Record extracts
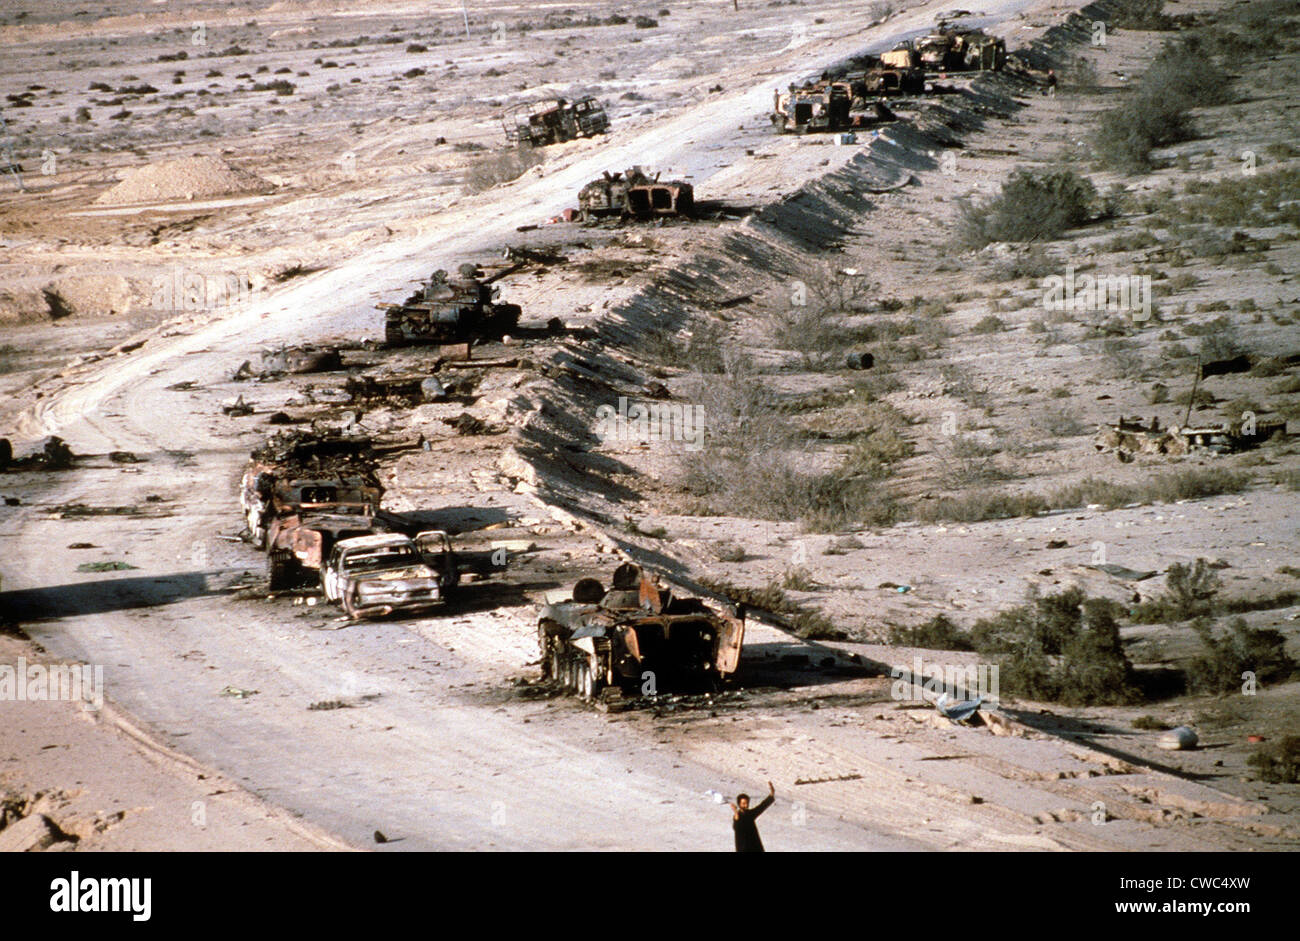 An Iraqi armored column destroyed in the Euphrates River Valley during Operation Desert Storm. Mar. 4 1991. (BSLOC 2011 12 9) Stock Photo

* * *

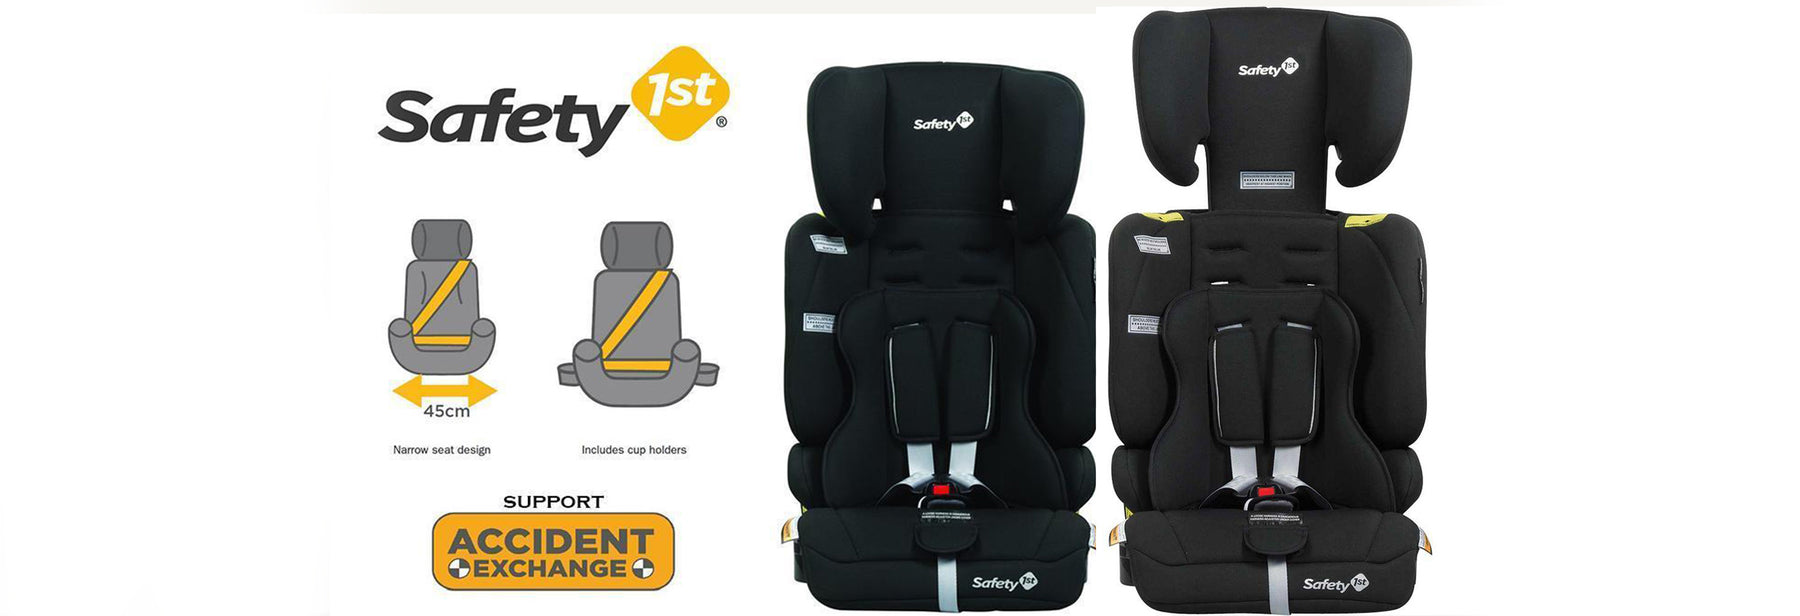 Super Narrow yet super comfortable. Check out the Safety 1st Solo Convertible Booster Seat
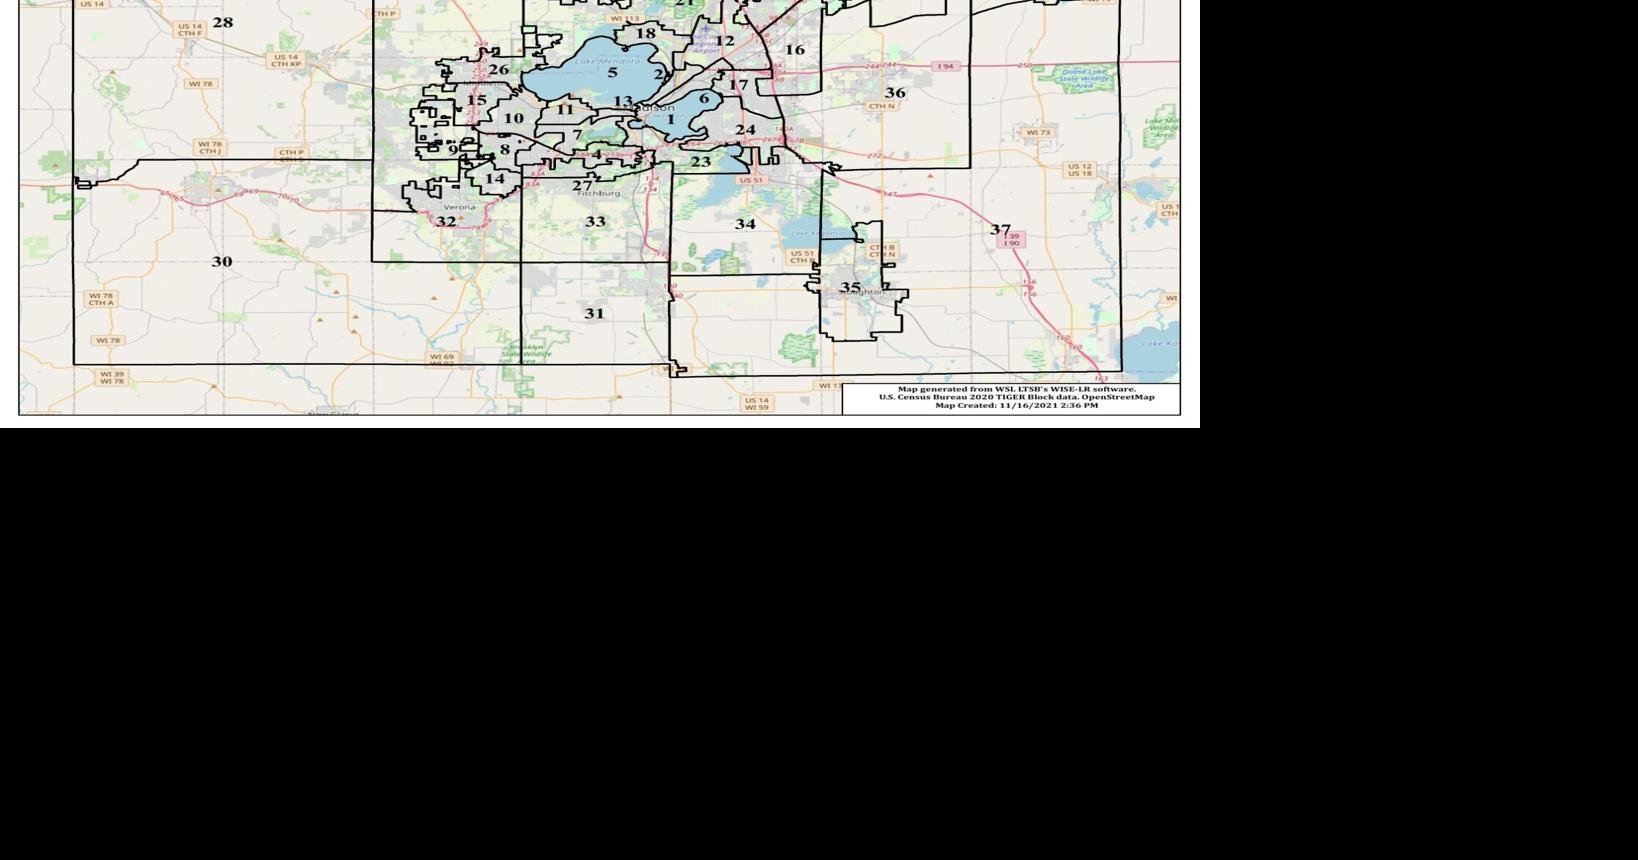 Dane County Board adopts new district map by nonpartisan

Problem requirements
Nothing outside the stretch above, from the line with "Super Narrow yet" through the line with "Dane County Board", is set down. Transcribe that stretch exactly, ends included, but not its pictures.

Exercise solution
 Super Narrow yet super comfortable. Check out the Safety 1st Solo Convertible Booster Seat
 Dane County Board adopts new district map by nonpartisan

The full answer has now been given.